As long as you have a burning need to answer yahoos, you will always care what yahoos think, and yahoos will always impact you.  When you reach the point where you feel more satisfied giving yahoos absolutely zero to grasp and use to beat you with, life gets better.

I can think of some authors who still need to learn this. If someone sent one a ‘fan’ letter one found so stupid one was tempted to include its substance in the afterword of one’s next book, for example. I guess that’s when they are at the point where they are no longer paying attention to editing guidance.

Of course, I’m only talking about verbal retaliation.  If you have a chance to have some fun with them physically, I’m all for that part, obeying all relevant/enforceable statutes and inserting here all the necessary rear end covering.

Rereading: James Michener’s ‘Iberia’

I have come up with a recurring topic idea I’ll continue if people find it interesting:  re-reads.  I have a lot of books, enough that I could not re-read them all in five years, including many to which I later return.  I don’t like to post reviews on Amazon, unless I have a motive; I resent them shipping my content to affiliates.  (Yes, they have the legal right.  Not disputed.  Nor should they dispute my legal right to refrain from donating my content to them.)

When most of us think of Michener, we think of his great historical fiction novels that span great ranges of time.  They walk us through the development of a culture, and in so doing they help us see that culture’s modern residents in light of their forebears.  My personal favorites are The Covenant (South Africa), Centennial (Colorado), Alaska, Texas and The Source (Palestine).

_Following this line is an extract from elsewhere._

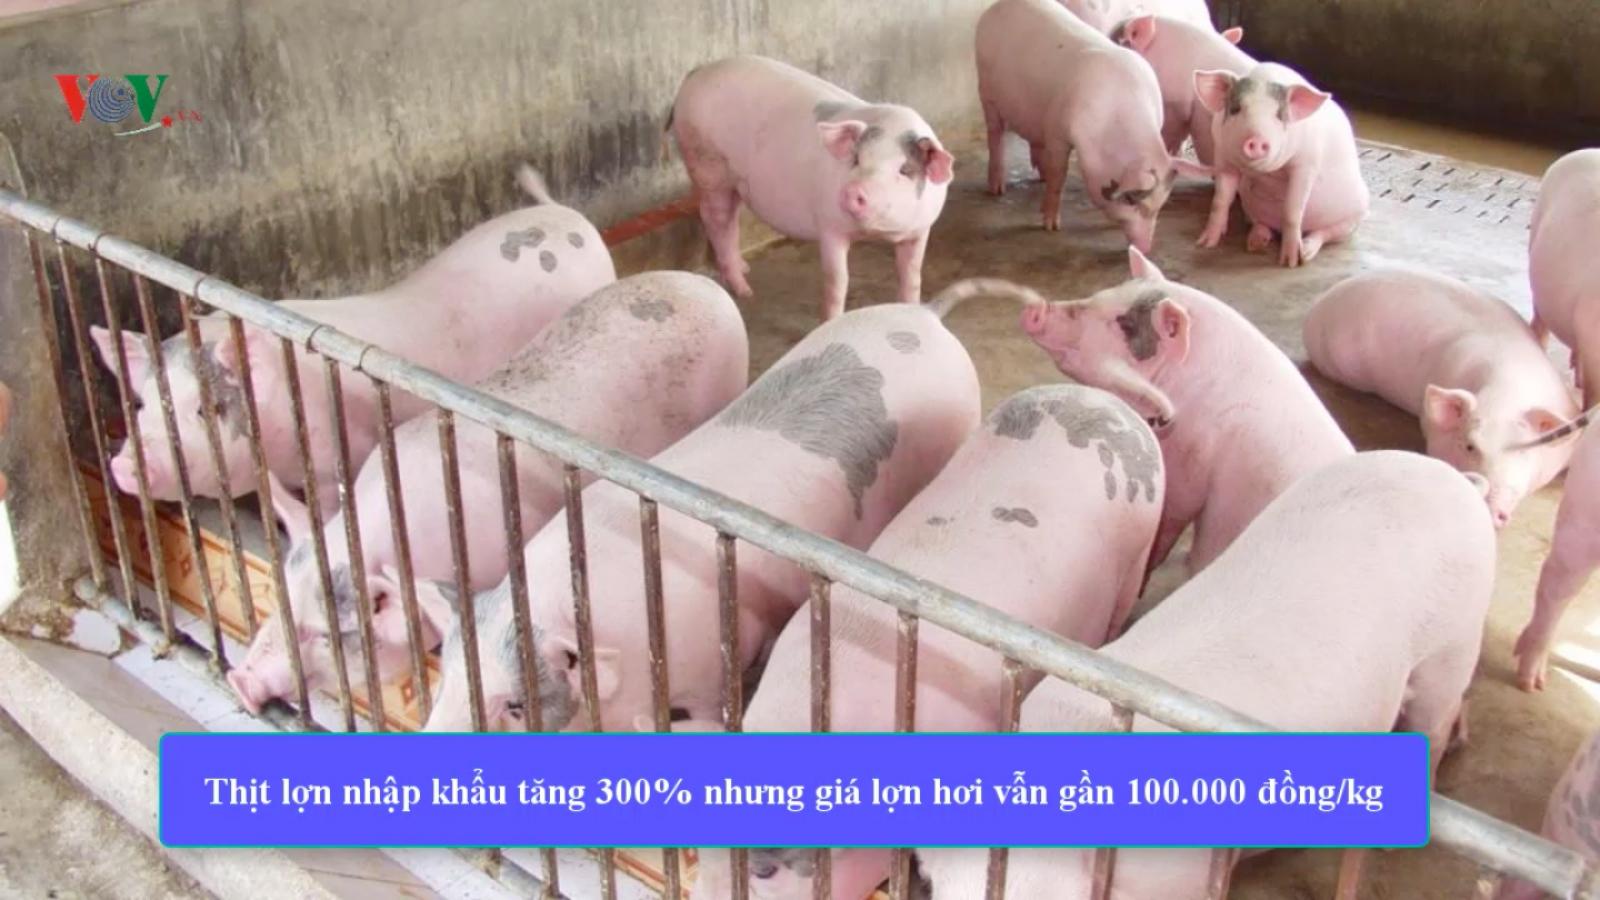 Thịt lợn nhập khẩu tăng 300%, giá lợn hơi vẫn tiến sát 100.000 đồng/kg

Iberia differs.  It is a composite personal travelogue of the author’s experiences in Spain (Portugal is not really included).  This is that rare book for which hardcover is by far the best edition, because I own it in both hardback and paperback, and the hardback contains many more of Robert Vavra’s excellent photographs.  James Michener met Spain as a very young man, came to know it well, and its people showed him their country as thoroughly as a people can.  Spaniards can be sensitive about the world’s take on their world-shaping, gold-glittering, intensely religious past.  Said world has given them ample cause.  It follows that they considered Michener an honest broker worthy of hidden knowledge, frank debate and candid admission.

It reads differently from his fiction, as you would expect, because fiction and non-fiction narrative often differ slightly. In the editing world, we must take account of this. If this is his natural style, though, I like it. It is sophisticated yet word-economical.

What it means for you:  a trove of cultural enrichment.  Think of every social science and humanity discipline applied to a given nation, from history to fine arts.  That describes Iberia with respect to Spain and Spaniards.